Записывались в рабочем клубе у заставы, и клуб уже назывался не клубом, а штабом, о чем было крупно написано прямо на филенке темной входной двери.
Записывались без всяких формальностей. Незнакомый молодой рабочий, в черной смятой, как блин, фуражке, сдвинутой на затылок, с испитым серым лицом (папироса в углу рта), записывал в синюю ученическую тетрадь имена тех, кто приходил.
— Фамилья? — отрывисто спросил он, когда Акимка с сильно бьющимся сердцем, застенчивый, будто связанный по рукам и ногам, очутился перед его столом.
— Аким Розов, — хрипло ответил Акимка.
— С какой фабрики? — опять спросил рабочий, не поднимая от тетради глаз.
Акимка сказал.
— Номер винтовки? — тем же тоном бросил рабочий.
— Чего? — спросил Акимка, не понимая вопроса.
Но на это рабочему ответил солдат, стоявший у груды винтовок, сваленных на полу, здесь же у стола.
Солдат назвал какую-то длинную цифру и сунул растерявшемуся Акимке в руку винтовку.
— Иди к тому столу, — сказал он, показывая рукой в глубину комнаты, где у другого стола толпились рабочие уже с винтовками в руках. Акимка, широко улыбаясь, крепко держа винтовку обеими руками, пошел. Он не чувствовал ни рук, ни ног, точно они сделались ватными, и плыл как в тумане. Ему дали какую-то бумажку, патронные сумки из холста, пачки патронов, пояс, а потом молодой солдат, бойкий и веселый, что-то говорил ему о затворе, о том, как надо держать винтовку, брал винтовку из его рук, щелкал затвором и все спрашивал:
— Понял, товарищ?
— Понял, — невнятно ответил ему Акимка, хотя от волнения и новизны не понимал ни одного слова.
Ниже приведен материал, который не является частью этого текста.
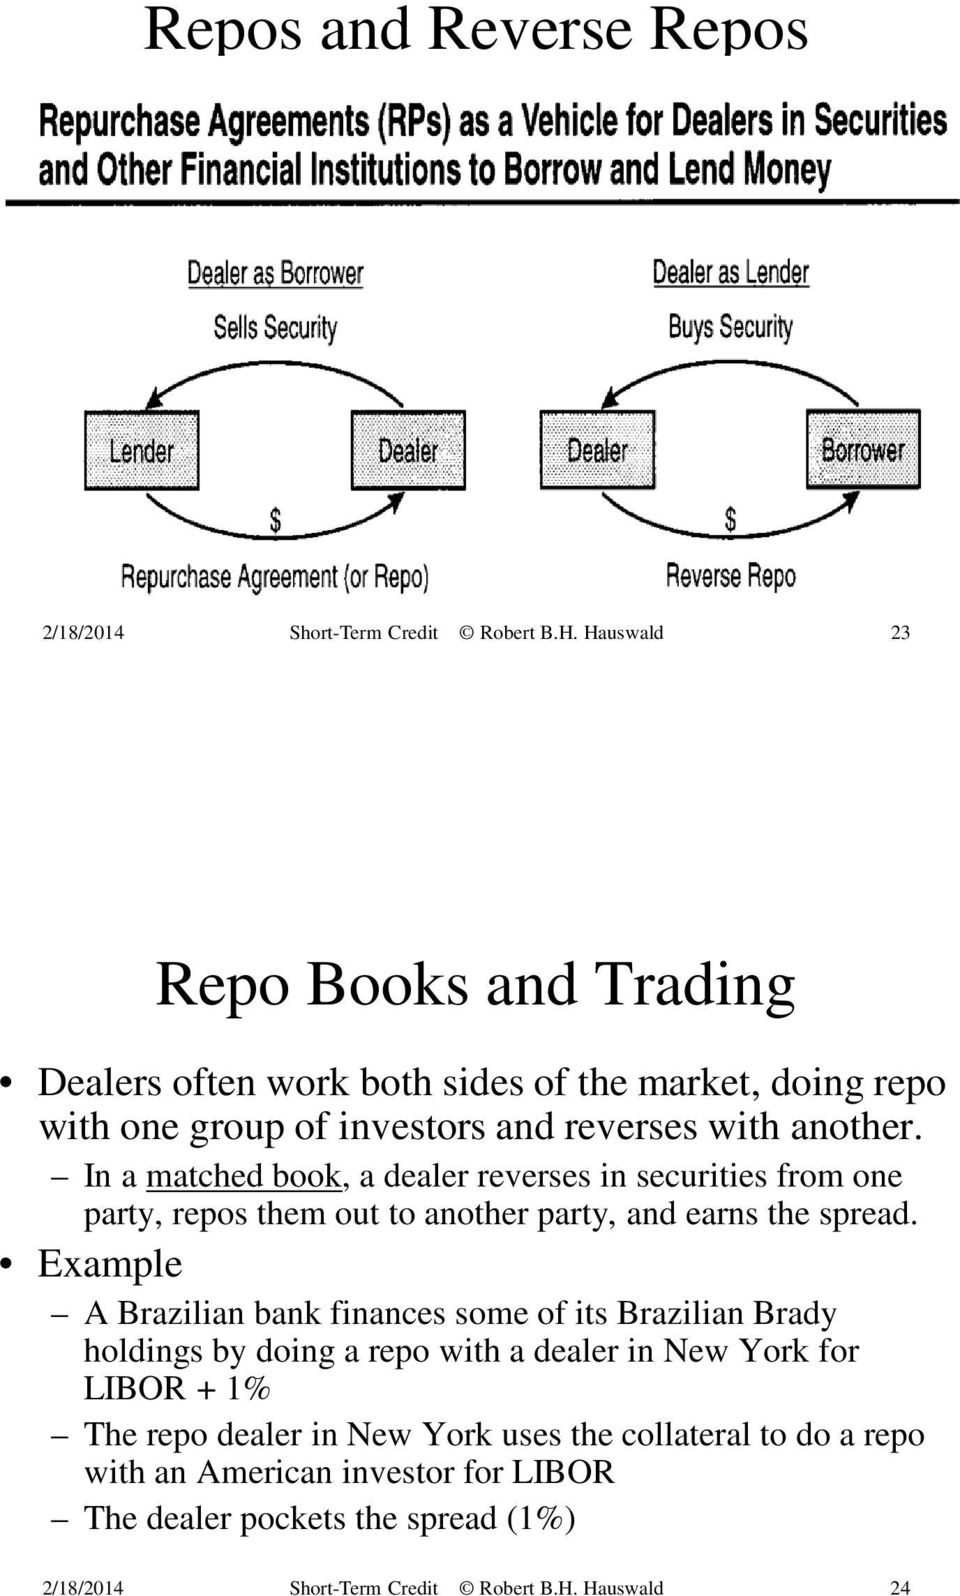 In a matched book, a dealer reverses in securities from one party, repos them out to another party, and earns the spread.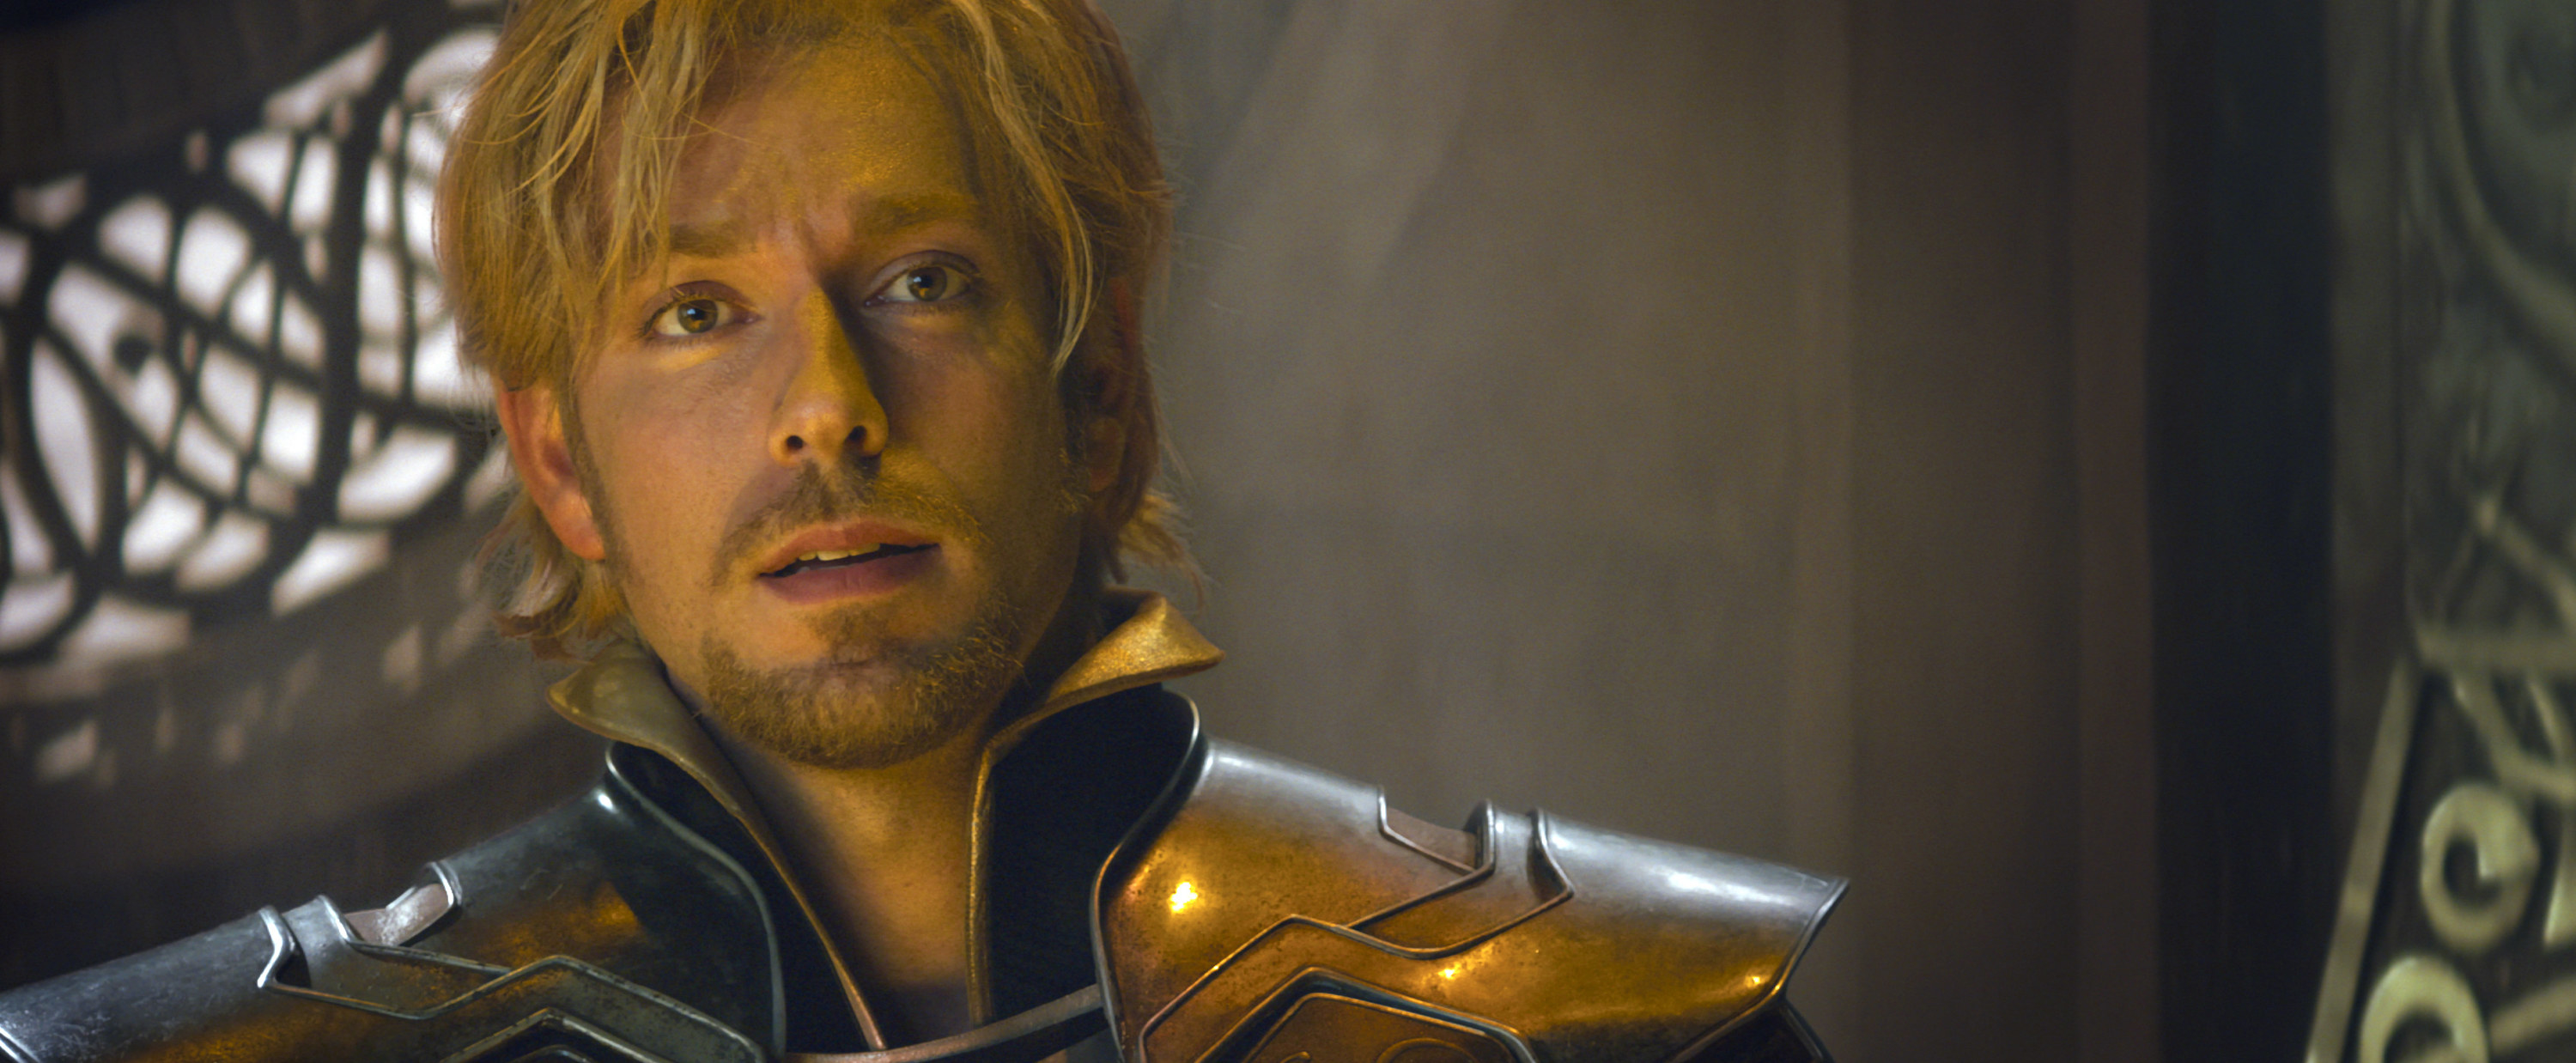 Fandral looks to his friends

В углу комнаты, у окна, рабочие рассматривали только что полученные винтовки, заряжали их, гремели затворами, туго подпоясывались новыми желтыми солдатскими ремнями, прилаживали сумки с патронами и сговаривались, кому с кем идти. В большой комнате было холодновато, дымно и сыро. Пахло махоркой.
— Ага, и Розов с нами, — весело сказал низенький безусый рабочий, когда Акимка подошел к окну. — Записался?
— Записался, — широко улыбаясь, ответил Акимка.
— Постой, постой, товарищ, — вдруг живо и насмешливо отозвался другой рабочий, с широким лошадиным лицом, по которому через всю щеку и подбородок шла белая полоса — старый шрам. — Ты же ведь в эсерах ходил. Как же это ты теперь-то?
Акимка смутился и сразу стал малиновым, будто его поймали в краже.
— А правда, зачем же ты записался? — спросил первый рабочий.
Все, кто стоял у окна, смеясь, смотрели на Акимку. Тот смутился еще больше.
— Нет… Я больше не хочу… с ними… — заплетающимся языком сказал он. И вдруг, набравшись храбрости, сразу выпалил: — Ну их к черту! Они к буржуям подмазываются.
Рабочие засмеялись.
— Верно, товарищ! Правильнее большевиков никого не сыщешь! — энергично мотнув головой, сказал низенький рабочий, хлопнув Акимку рукой по плечу. — Теперь все рабочие должны идти за большевиками.
Все заговорили шумно и уже не обращали внимания на Акимку.
Немного осмотревшись, Акимка увидел у самого окна Леонтия Петровича, перебиравшего пачки патронов. Он аккуратно, как вообще делал все, клал патроны в сумку и говорил, ни к кому не обращаясь:
— Раз на улице баррикады, то мы незамедлительно должны решить, по какую сторону баррикад мы стоим. Иль по эту сторону, иль по ту. В середке да в сторонке теперь стоять нельзя. А к буржуям мы не пойдем. Значит, и говорить много не надо. Бери винтовку и иди бить юнкеров и студентов.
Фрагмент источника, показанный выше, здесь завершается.